CDK8 kinase—An emerging target in targeted cancer therapy

•Impeded mRNA synthesis contributes to the effectiveness of pan-CDK inhibitors.•Numerous studies indicate that CDK8/cyclin C can function as a bona fide oncogene.•Oncogenic functions of CDK8 are related to the modulation of transcription programs.•Unique structure of CDK8/CycC among other CDKs enables SBDD of selective inhibitors.•First selective CDK8/cyclin C inhibitors are currently in preclinical development.
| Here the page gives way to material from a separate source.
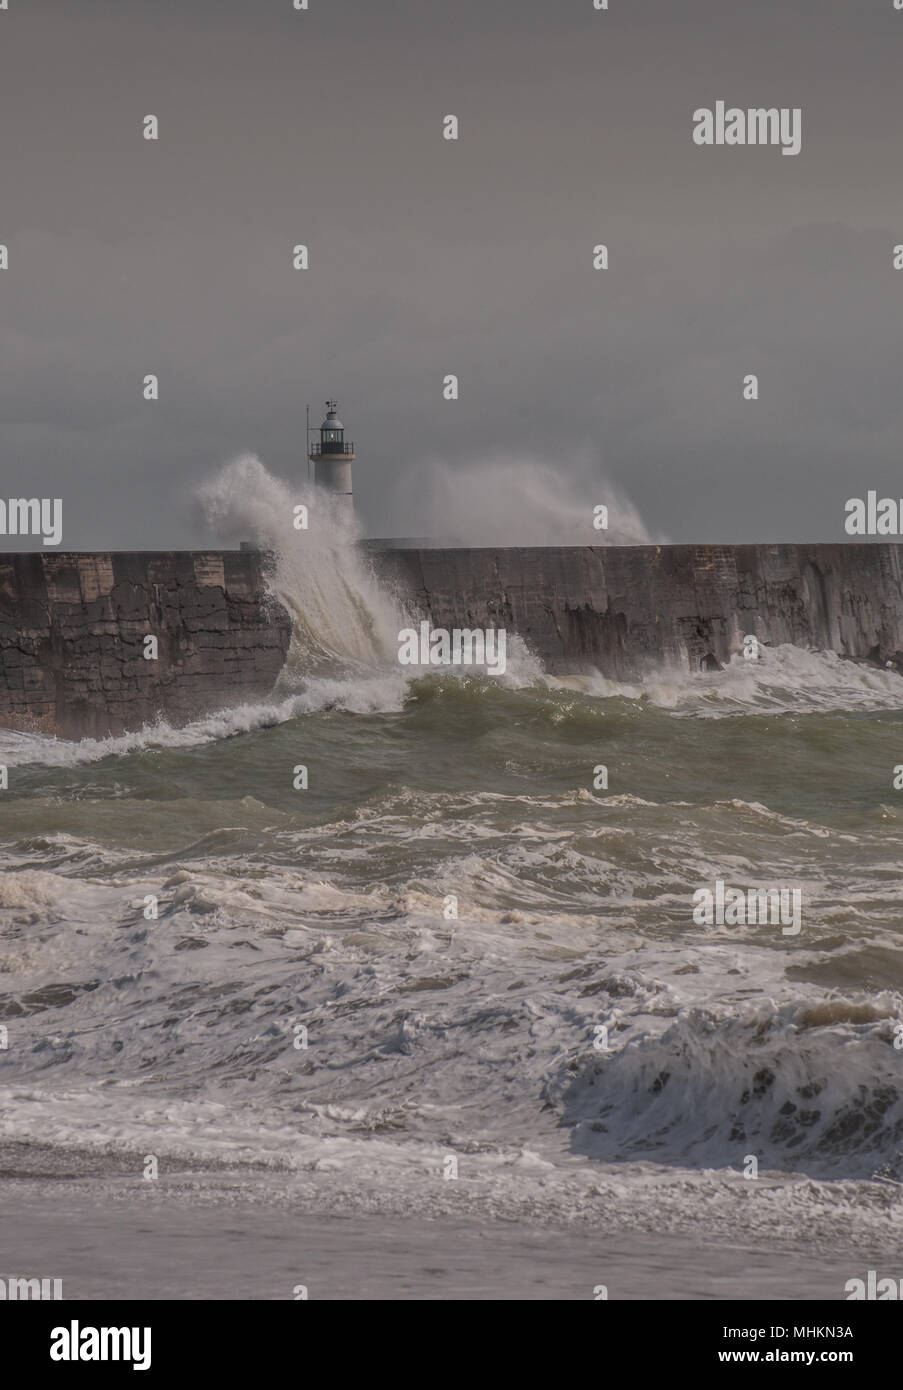 Newhaven, East Sussex, UK..2 May 2018. UK Weather:Brighter later in the day after dark clouds & rain, strong wind whips up the surf at the harbour West break water before finally abating.. Stock Photo

Cyclin-dependent kinase (CDK) inhibitors have been developed as potential anticancer therapeutics and several nonselective compounds are currently in advanced clinical trials. This review is focused on the key biological roles of CDK8 kinase, which provide a proof-of-principle for continued efforts toward effective cancer treatment, targeting activity of this CDK family member. Among currently identified kinase inhibitors, several displayed significant selectivity for CDK8 and notably the effectiveness in targeting cancer specific gene expression programs. Structural features of CDK8 and available ligands were discussed from a perspective of the rational drug design process. Current state of the art confirms that further development of CDK8 inhibitors will translate into targeted therapies in oncology. This article is part of a Special Issue entitled:Inhibitors of Protein Kinases.